Book Review: Heavenly Intrigue

Article written: 12 Oct , 2005
Updated: 13 Sep , 2007
by

Tycho Brahe was a Danish nobleman who spent his life taking the most exact measurements of stars and planets then known. Being of high ranked noble birth, his family’s expectations were for Brahe to enter into court politics. Yet Brahe followed his own path, that being his love for astronomy. Even his slight divergence into alchemy quickly returned to astronomy on seeing the skies brighten from a supernova. Nevertheless, this being Europe of the early 1600’s, politics dominated lives. Brahe was exiled when a new king sat upon the Danish throne and he ended up in Prague as the mathematician of the court of the Holy Roman Empire.

At almost the same time, Johannes Kepler was using his intellect to escape his difficult and lowly lifestyle. Earning passage into a university, he excelled at mathematics and also fell into a love of astronomy and astrology. Kepler equally had difficulties in life and though he married a lady who had extensive land holdings, all their wealth disappeared. The politics of the time was again the culprit. Fortuitously, Kepler had already connected with Tycho Brahe who had given him an invitation to work and live together. Kepler, apparently without any other options, accepted. Much later, after Brahe’s death, Kepler used Brahe’s data to determine his now well known three laws of planetary motion.
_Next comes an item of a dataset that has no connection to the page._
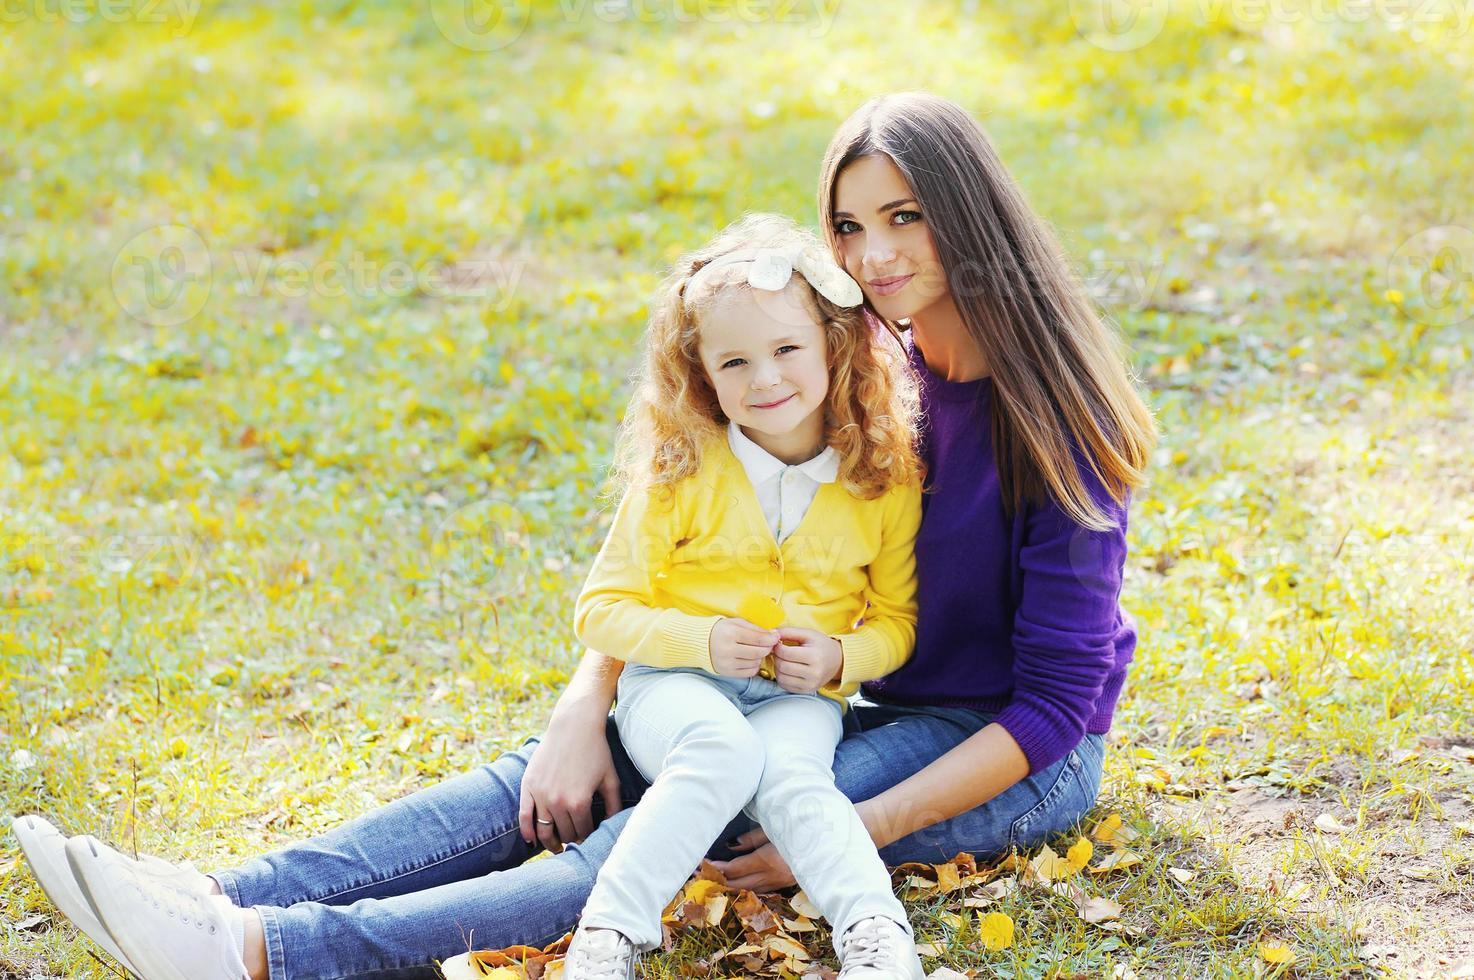 glückliche Familie im Herbstpark, Mutter mit Kind zusammen foto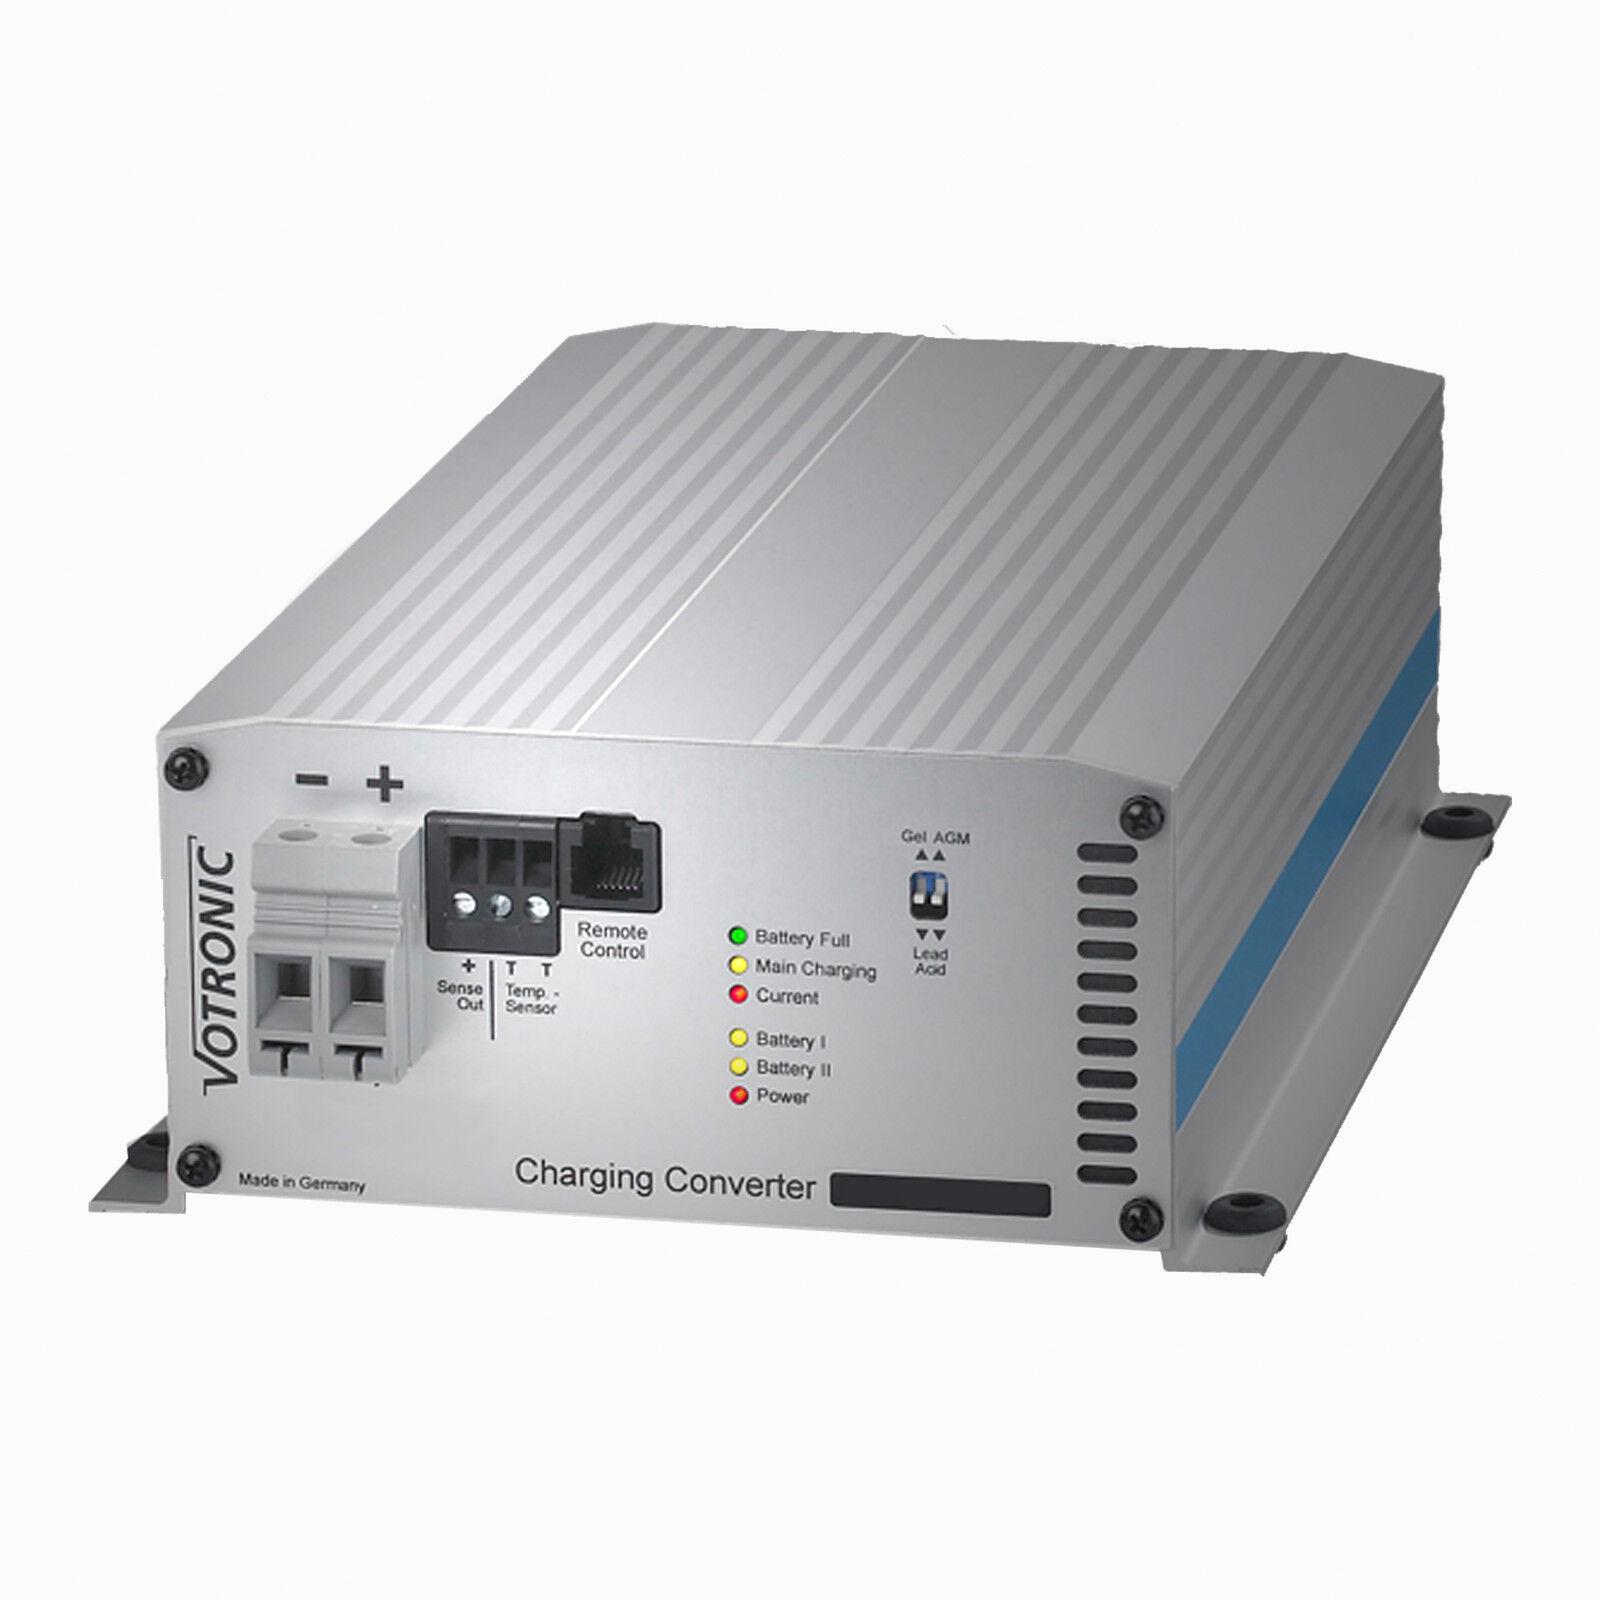 Votronic VCC 2412-45 Batterie IU Ladewandler Batterie 2412-45 zu Batterie Lader B2B Ladegerät 3a4c8a

Most references, in discussing Brahe and Kepler, provide little more information than the above. The Gilders, however, have gone digging. With the help of many experts and original documents, they build the characters of these scientists. Brahe may have been a nobleman, but he seems to have continually turned his back to the corresponding lifestyle. Kepler was not only smart with numbers but also had a tendency to quickly lose friends through a hot temper. Many details of their lives get reviewed; their parents, their places of birth, their schooling and their relationships. Yet this is not a simple biography of these two individuals. This is a case of murder. For the authors show that Kepler, with his temper and his craving for fame, wanted and needed Brahe’s data to pursue his own postulations about the shape of the heavens.

The key element in the Gilder’s book comes from recent investigations. Brahe’s crypt was recently repaired and, given this opportunity, some hairs were analyzed to try to deduce the cause of his death. The authors use tools of today’s forensic experts to understand a bit of what was happening with Brahe during his final days. In so doing, they combine these results with many pieces of circumstantial evidence to substantiate their belief that Kepler had the opportunity, means and motive. This case is a bit cold, actually more than 400 years old, but the Gilders make it fresh and exciting by reliving the times of these scientists and making the two much more than footnotes in a physics text.

This ability to enliven a well aged event sets this book apart. Very little science graces its pages. Some description of Brahe’s observatories and sextants show the state of the art in astronomical observation. A little on Kepler’s Mysterium Cosmographicum give an idea of the philosophical issues of the times. For the most part, the Gilders dish up a finely flavoured selection of the pertinent points and issues that embellish their belief of a dastardly deed. A delicious undertone questions the drive of scientists and society. That is, just how far outside society’s mores do we allow researchers when the result adds knowledge or ability for all. The answer to this question might have changed in 400 years, but it is still relevant to ask today.

People come in all stripes and colours. Brilliant scientists might be lousy friends. Fantastic leaders might be so inept with numbers as to be unable to balance their own finances. This potpourri of characteristics bring spice to our lives. However, some spices are not as well liked as others. The murder that Joshua Gilder and Anne-Lee Gilder so boldly proclaim in their book Heavenly Intrigue is one such. Perhaps a golden opportunity brought together Johannes Kepler and Tycho Brahe, but read this book and see how other opportunities may have prematurely ended their association.